I tested 2.6.31 and the mainline amd64_edac driver.  Once errors were
getting reported I noticed that a good amount of valid looking system
addressed were not being correctly decoded to the csrow level.  I was
only able to correctly decode errors on channel 0 of a given csrow.
Errors on channel 1 were unable to be mapped. 

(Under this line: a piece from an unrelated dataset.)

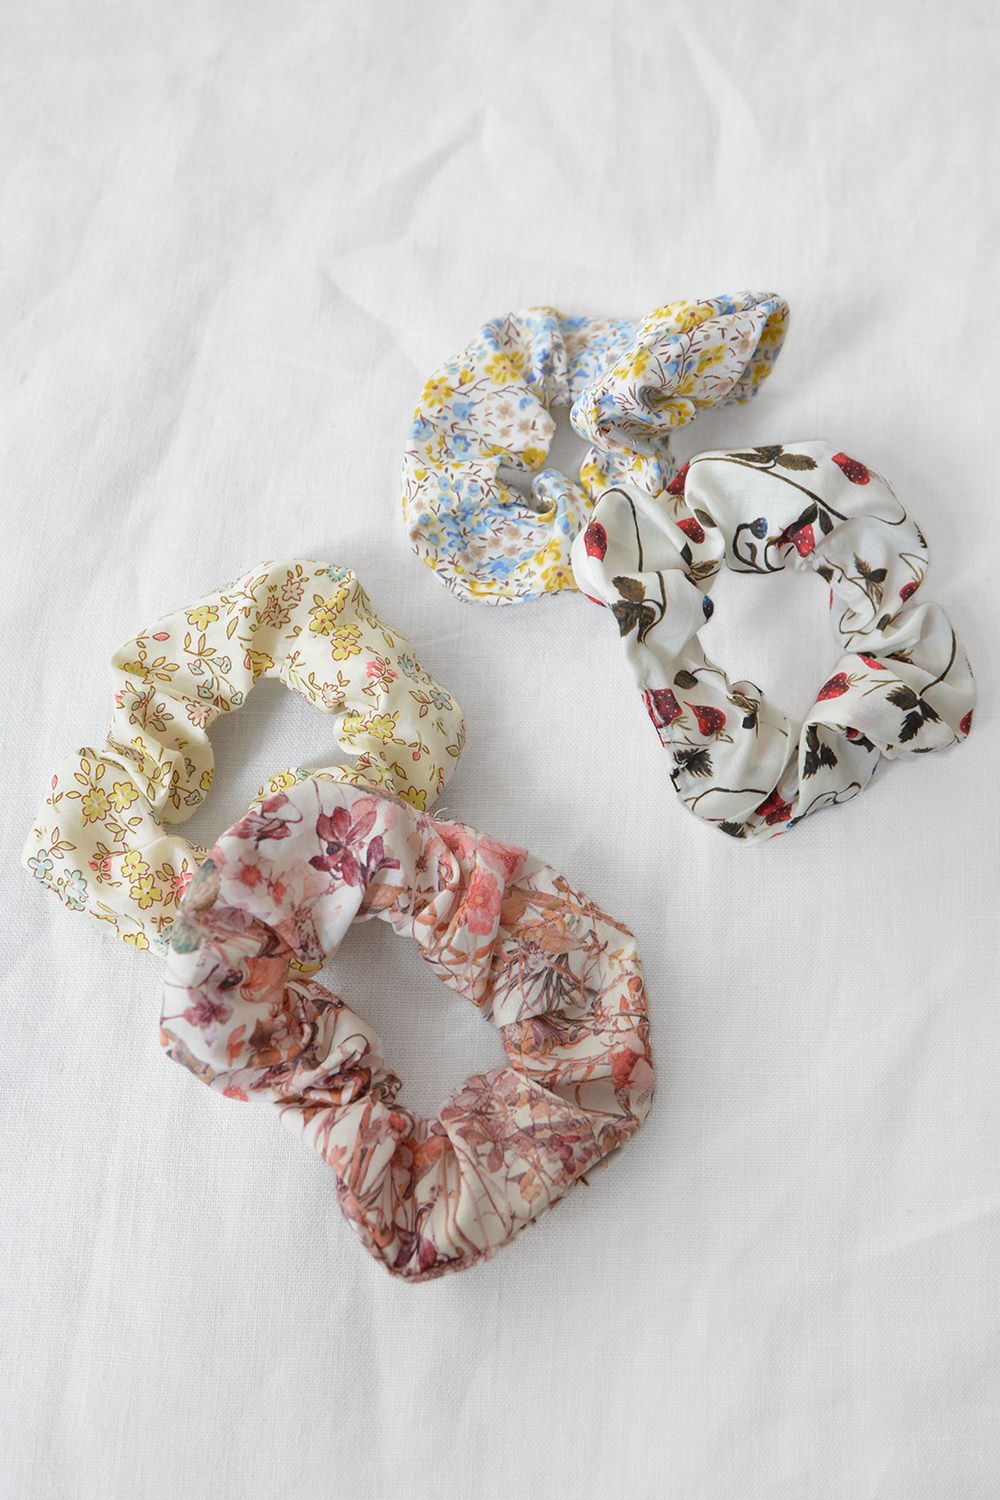 MAKIE Handmade Scrunchies Liberty Fabric Top Picture

After some digging I realized that the there was an issue with handling
of Dram Chip Select Masks.  Specifically that amd64_map_to_dcs_mask was
returning incorrect values on my Rev F based system.  See AMD #32559,
4.5.4, starting on pg 90 for a Rev F explanation of the correct mapping
of DRAM CS Base and DRAM CS Mask regs.  This lead to the code below.  I
can provide further explanation if needed. 


I have tested this code on Rev F based system with ecc debug dimms and
fully expect it to work on earlier and later cpus.  I am now able to
correctly decode and map errors to csrows rows on this system. 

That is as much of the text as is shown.